Aerodynamics and Cooling: GT4 vs GT3 RS
The GT4 uses aggressive aero: front splitter, rear diffuser, fixed rear wing. Downforce is substantial but not adjustable. Cooling is robust for track use but prioritizes usability.
The GT3 RS uses motorsport-grade aero: adjustable front splitter (7 positions), adjustable rear wing (11 positions), larger side air intakes, NACA duct on hood. Downforce is driver-tunable from 340 lbs (low drag) to 456 lbs (maximum downforce) at 186 mph. Cooling is oversized with dedicated radiators for engine oil, transmission oil, and differential oil—this car is built for 20-minute track sessions at full throttle.
The comparison data shows this: at high speeds on fast tracks, the GT3 RS's downforce advantage creates larger gaps. On tight technical tracks where speeds stay below 100 mph, the gap shrinks because aerodynamics matter less.
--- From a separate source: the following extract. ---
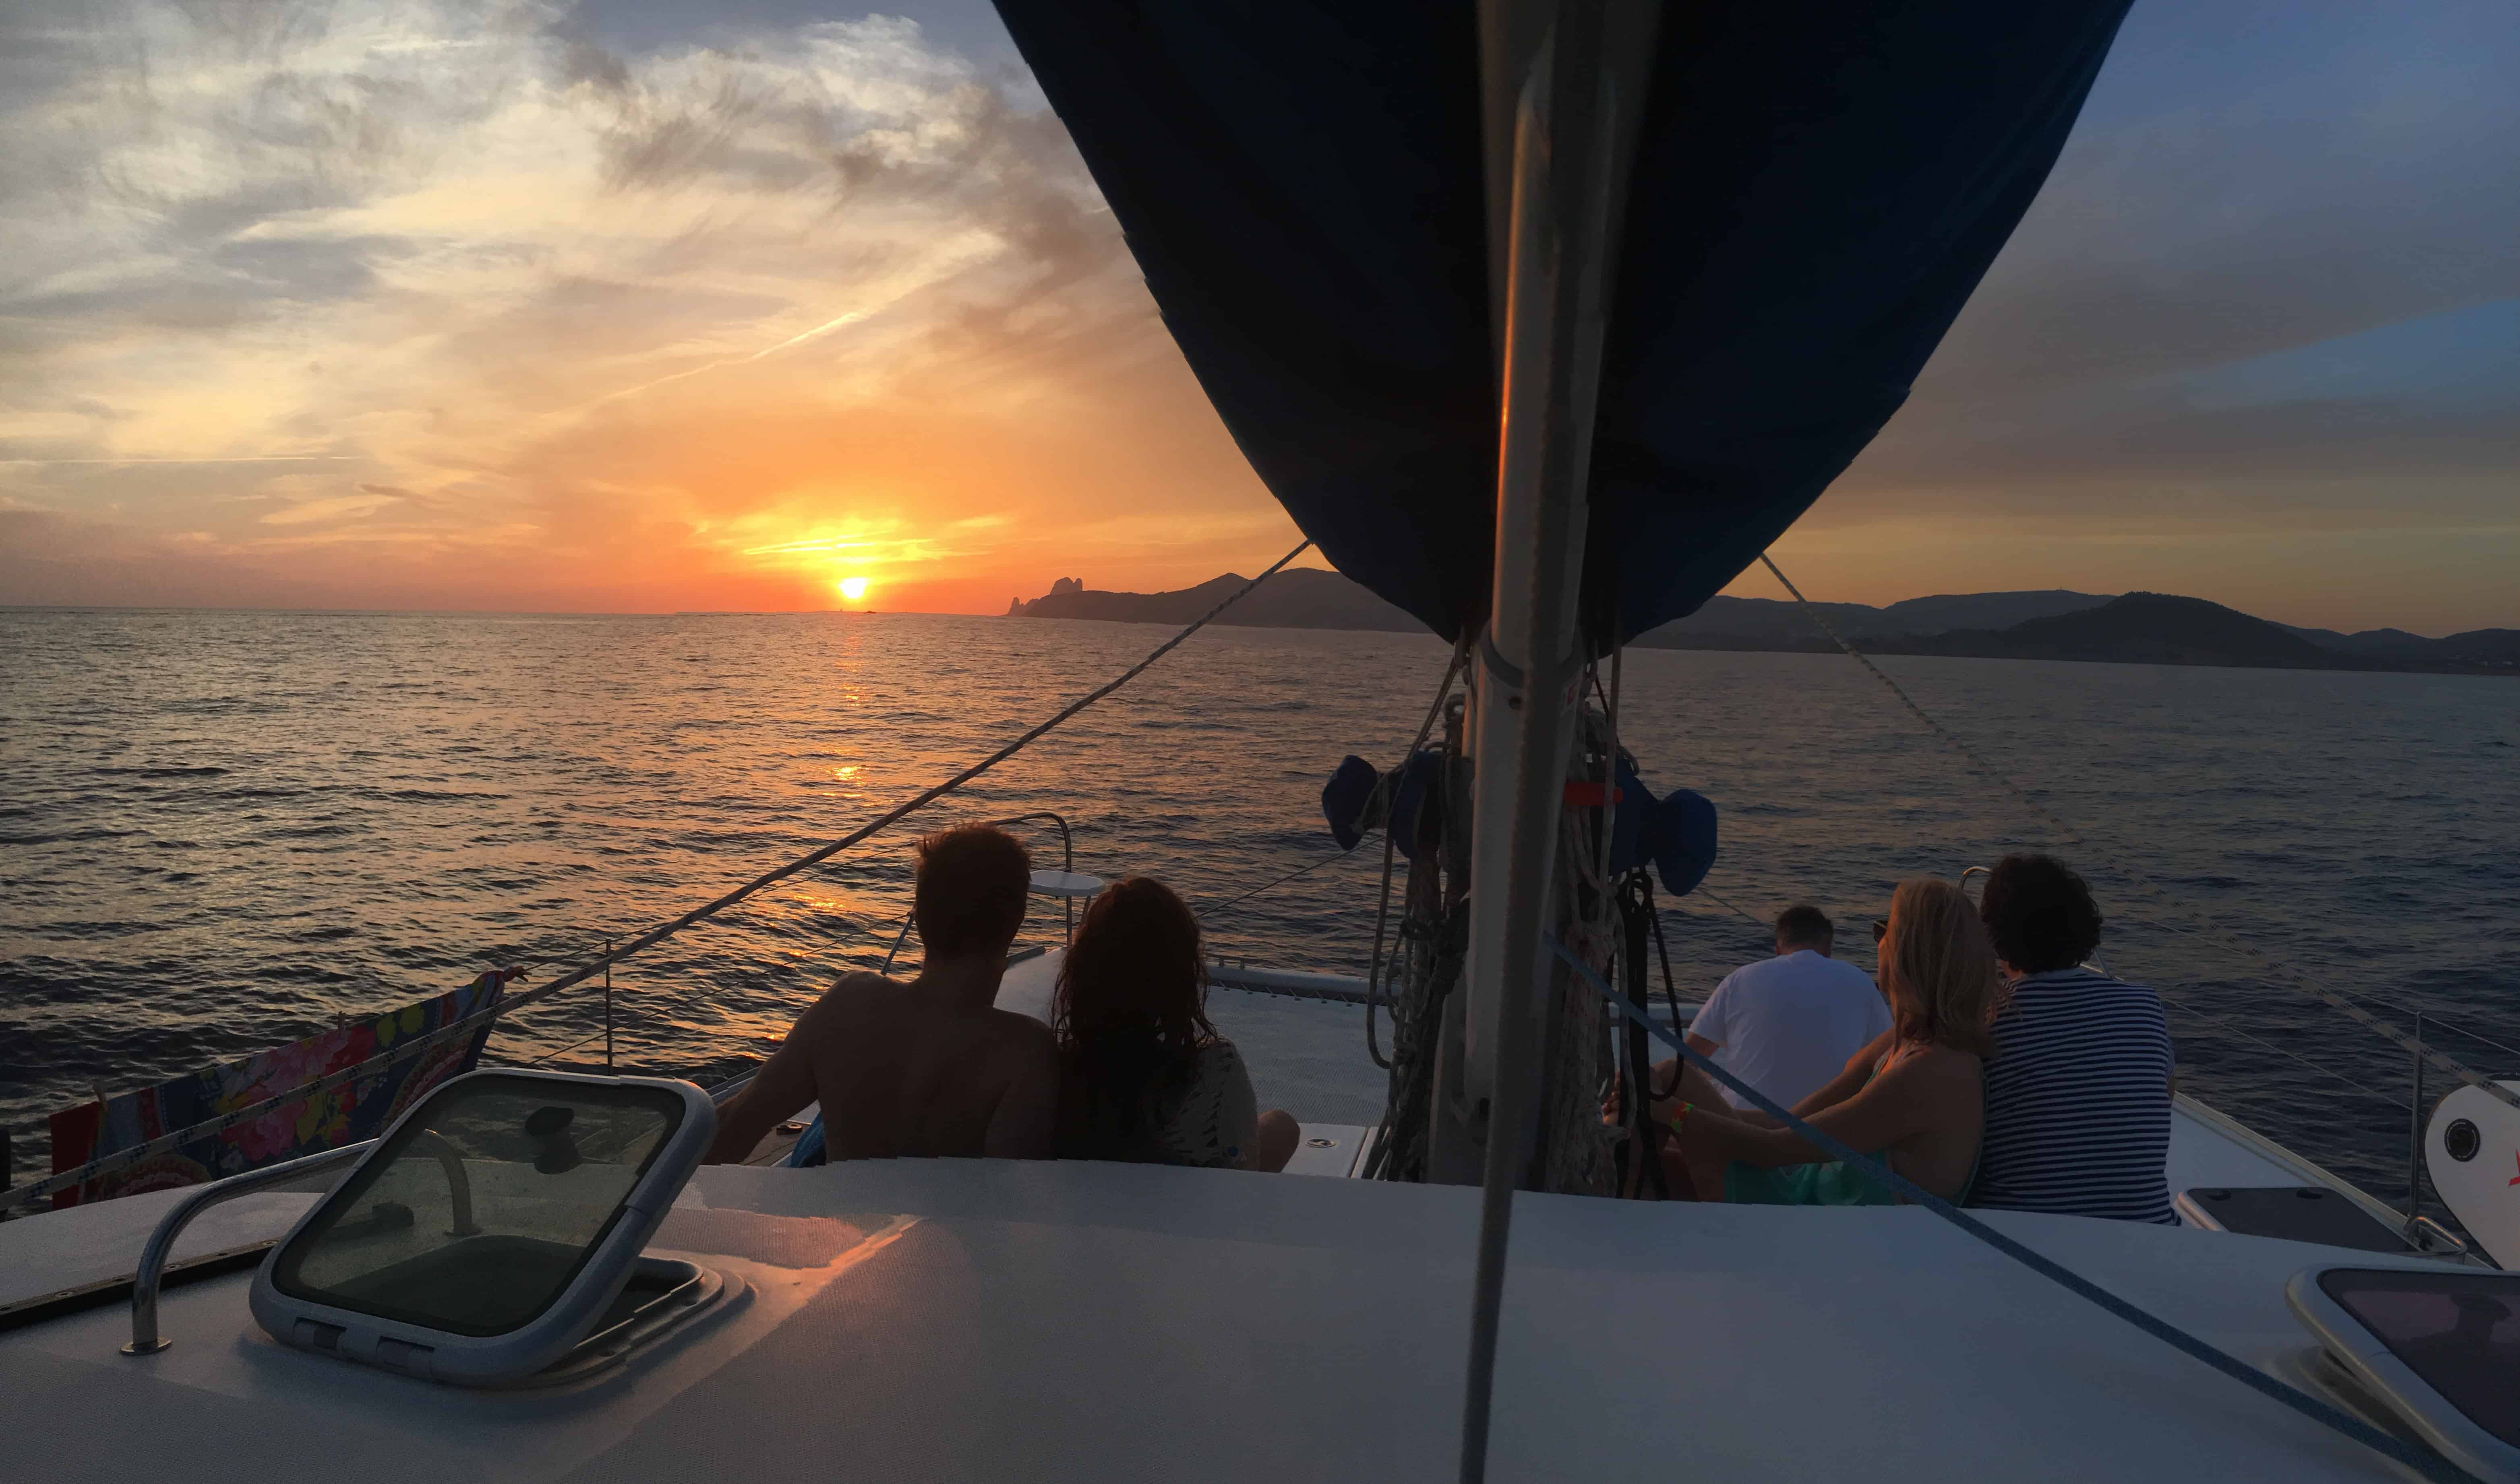 Location catamarán á Ibiza - Groupe assis sur le filet profitant du coucher de soleil en naviguant vers Ibiza depuis Formentera.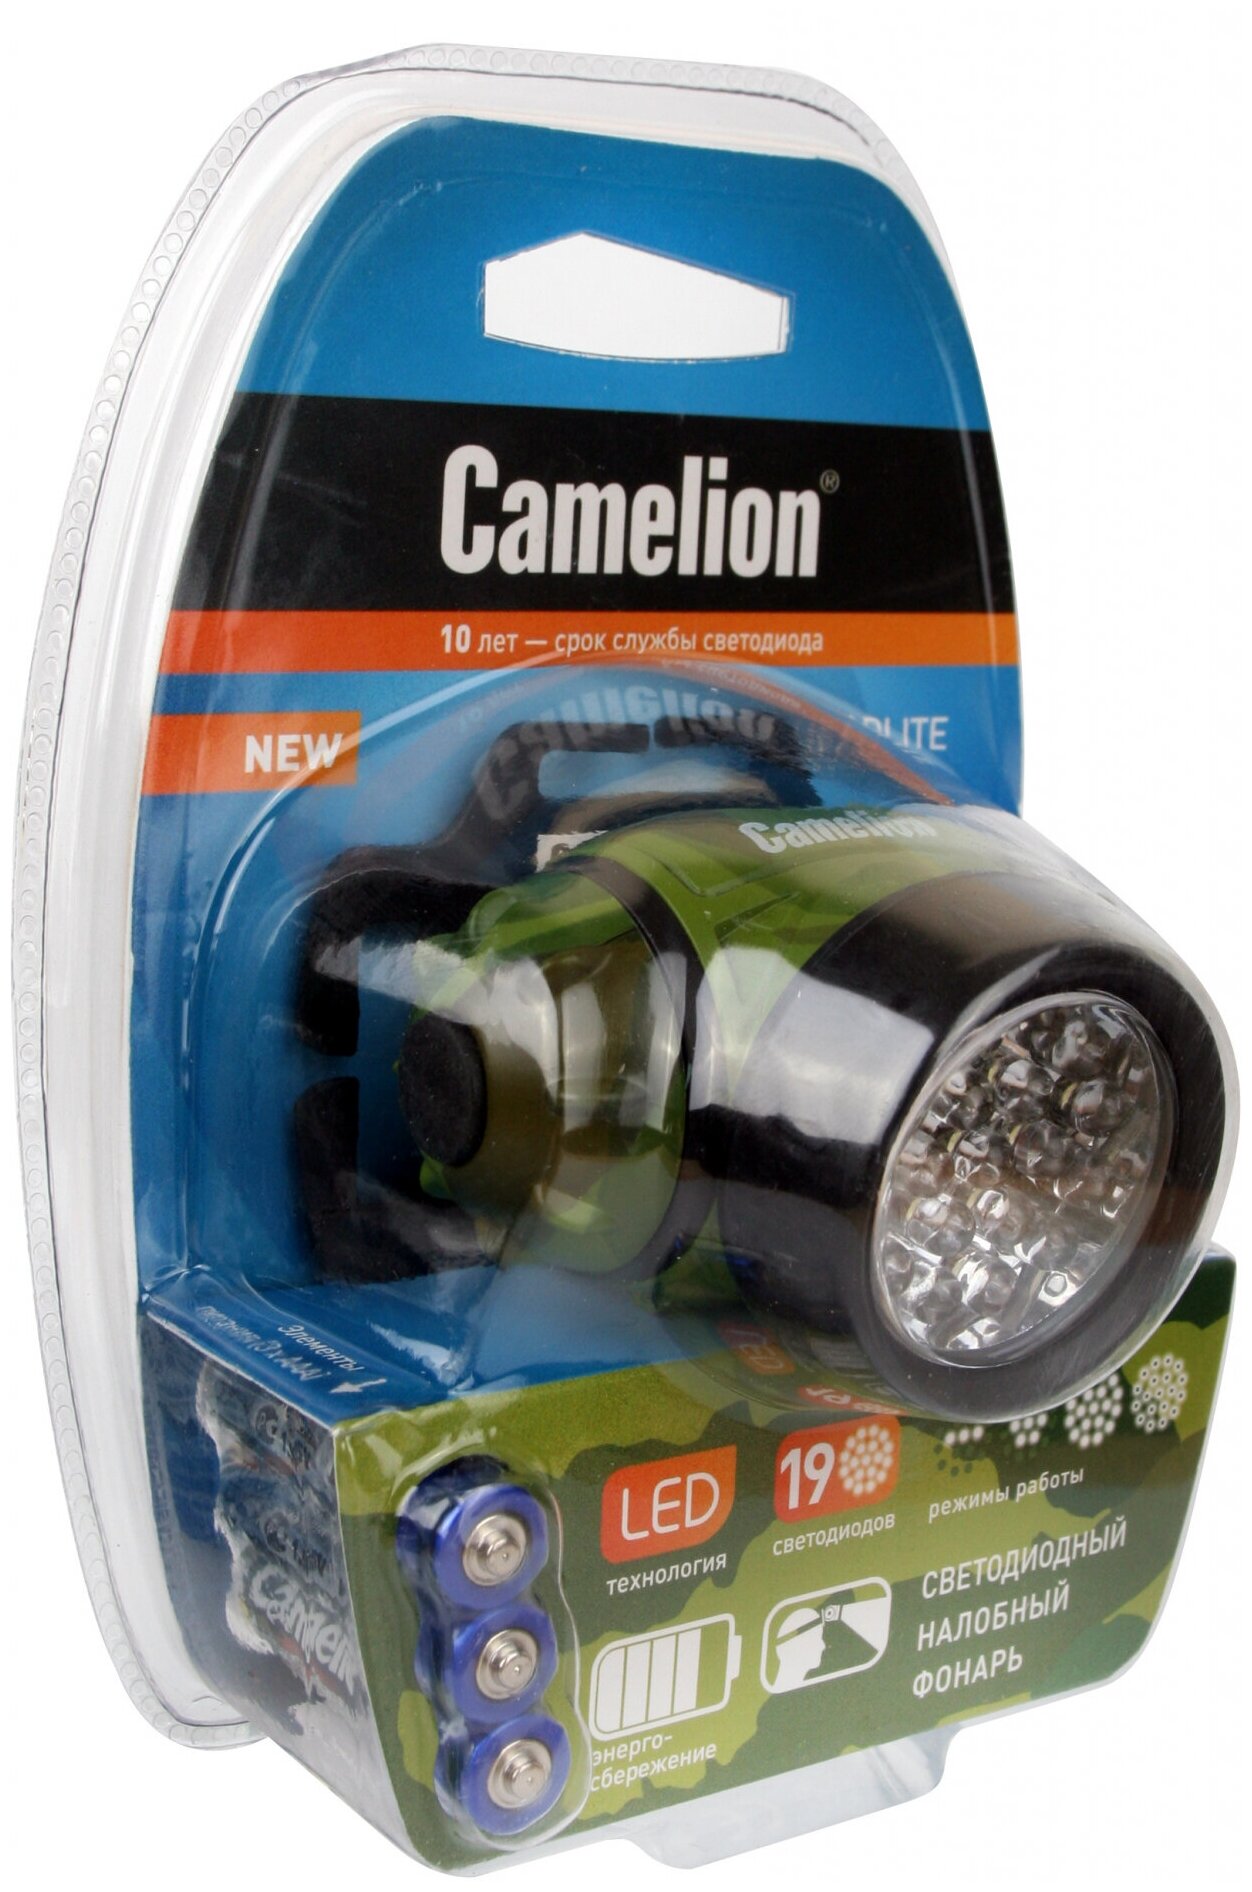 Налобный фонарь Camelion - фото №7

Ownership Economics: $125,000 vs $198,000
GT4: $125,000 + $3,000 annual maintenance (Porsche pricing) = $140,000 over five years. Appreciates 5-8% annually, exiting at $169,000-195,000 in 2030. Net gain: $29,000-55,000.
GT3 RS: $198,000 + $4,000 annual maintenance (specialized RS parts/labor) = $218,000 over five years. Appreciates 10-15% annually as a collector car, exiting at $319,000-401,000 in 2030. Net gain: $101,000-183,000.
The GT3 RS costs $73,000 more upfront but gains $72,000-128,000 more in appreciation over five years. As an investment, the GT3 RS outperforms the GT4 while also winning 79.6% of matched lap time battles. You're buying both the fastest car and the better investment.
The Verdict
Choose the Porsche 718 Cayman GT4 if you want 95% of GT3 RS performance for 63% of the price, mid-engine handling that flatters intermediate drivers, and a naturally aspirated 4.0L flat-six that delivers 414hp without the GT3 RS's maintenance intensity or collectibility premium. The GT4 costs $73,000 less and wins 20% of matched battles—proving it can compete when grip and driver skill equalize. For track day enthusiasts who want peak Porsche without GT3 RS pricing, the GT4 delivers.
Choose the Porsche 991.2 GT3 RS if you want the absolute fastest naturally aspirated production Porsche below GT2 RS territory, accept $73,000 more cost for 106hp more power and rear-engine motorsport pedigree, and recognize this is a collector car appreciating 10-15% annually ($30,000-45,000 gain over five years). The GT3 RS wins 79.6% of matched battles with a 3.27-second gap, proving the extra $73,000 buys measurable lap time advantage and long-term value.
Use the comparison filters on this page to see that the GT3 RS dominates but doesn't overwhelm: 3.27 seconds when matched, and gaps as small as 2.92 seconds on identical slicks. The GT4 wins 20-37% of battles in best-case scenarios, proving Porsche's hierarchy isn't absolute—it's graduated. The GT3 RS is faster, but the GT4 is fast enough to justify saving $73,000 if collectibility and ultimate lap times aren't priorities.
For the driver who wants the fastest Porsche track car and accepts paying $73,000 more for 106hp and 10-15% annual appreciation, the GT3 RS represents peak naturally aspirated engineering. For the driver who wants 95% of that performance at $125,000, the GT4 delivers mid-engine perfection without the GT3 RS's exclusivity tax.